В Цюрих он не мог ехать один, Нора должна была оставаться с Лючией, но их забрали с собой Гьедоны; 22 мая 1933 года все отправились в Цюрих. Джойсу удалось показаться Фогту дважды, и тот нашел, что левому глазу чуть лучше, правому чуть хуже — катаракта почти кальцинировалась, реакция на свет минимальная, сетчатка частично атрофировалась… Слепота или операция предположительно в сентябре — выбор был крайне шаткий, в чем откровенно признался Фогт. Луи Гилле вспоминает, что на осторожный вопрос о возможной потере зрения Джойс бесстрастно ответил:

— Глаза дают очень мало. Я создаю сотни миров, а теряю лишь один из них.

Десятая глава, которую он доделывал, возводила детский урок в историю мира, движение познания. В новом тексте она была самой трудной: сплетаются традиционные средневековые тривиум (грамматика, риторика, логика) и квадривиум (арифметика, музыка, геометрия, астрономия), то есть гуманитарное и естественное знание, и наряду с ними каббала, сплетающая в себе все эти начала и добавляющая к ним глубокую эзотерику. Она начиналась как аллегория-обзор Творения, описание нисхождения Духа в пространстве-времени, возникновение творящей Воли, зачинающей Вселенную, и из первооблика она становится возможностью, приобретает формы и наконец воплощается полностью. Человек воссоздается в своих первых диких вожделениях и запретах, и происходит это внизу в пабе Ирвикера. А на его высоких уровнях, в детской, складывается крохотная, но поразительно четкая модель Человеческой Комедии — с ней разбираются дети и наставник.

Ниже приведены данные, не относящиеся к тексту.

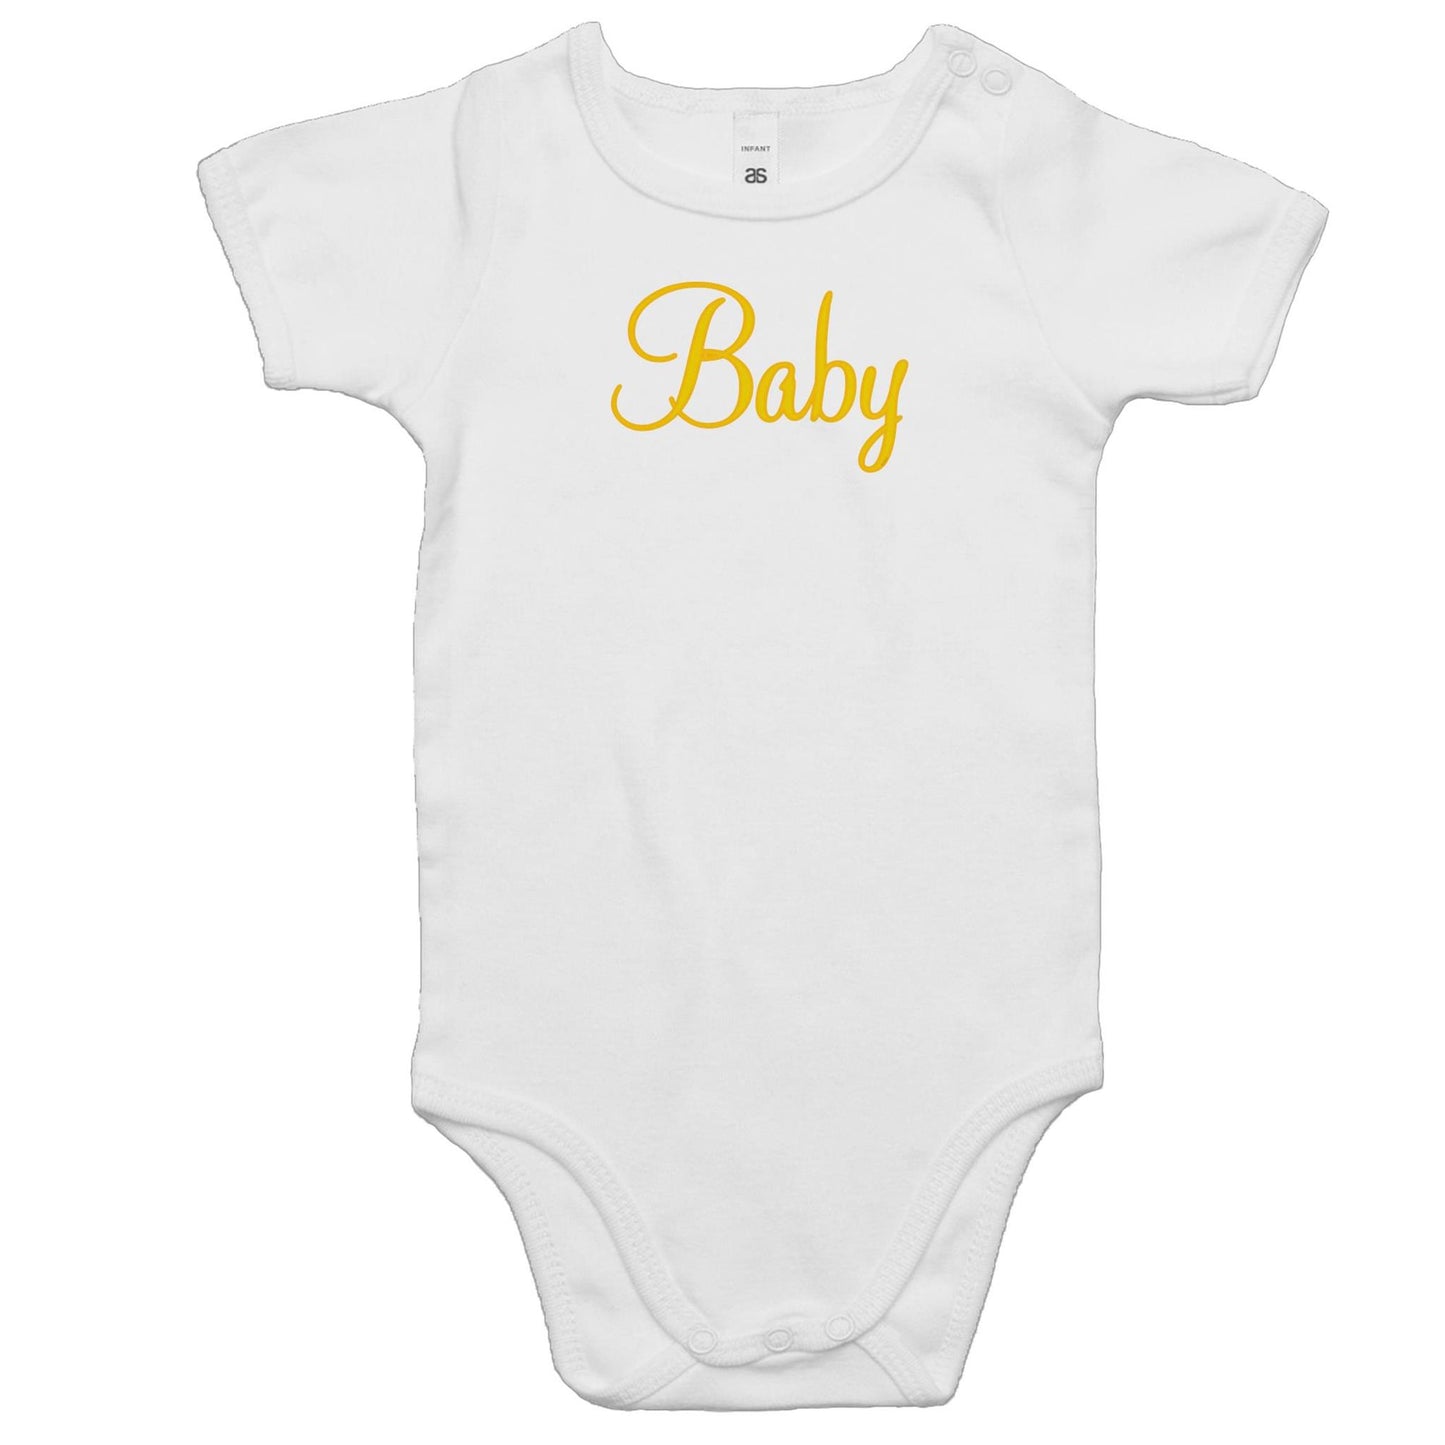 Baby Rompers for Babies

Июль Джойсам удалось провести вместе в Эвиан-ле-Бен, затем они уехали на месяц в Цюрих. Дикая сцена, устроенная Лючией на вокзале, все равно не убедила Джойса, что следует наконец довериться специалистам. Неохотно он дал согласие, и ее показали местному светилу доктору Гансу Майеру, главе кафедры психиатрии Цюрихского университета и главному врачу крупнейшей лечебницы города. Он нашел у нее только невротические отклонения. По его совету Лючию направили в Нион, в санаторий «Ле Риве де Пранжин», возглавляемый еще одной знаменитостью — Оскаром Форелем, сыном прославленного психиатра Августа Фореля. Агрессивность ее к тому времени сменилась вялостью, проникнутой страхом, что родители начнут ссориться и бросят ее, и она старалась в их присутствии быть веселой и разговорчивой. Неделю спустя она впала в такую панику, что Джойс забрал ее, несмотря на уговоры Фореля-младшего, убежденного, что сможет справиться с ее состоянием психотерапией, гипнозом и тем, что сейчас называют арт-терапией. Труднее всех приходилось Норе — большая часть забот о дочери падала на нее, а враждебнее всех Лючия относилась именно к матери. Джойса умиляли стойкость и терпение жены, ее спокойное остроумие, но какой ценой она сохраняет его, он не слишком интересовался. Да и она не спорила с тем, как он распоряжается психическим здоровьем, вернее, нездоровьем дочери.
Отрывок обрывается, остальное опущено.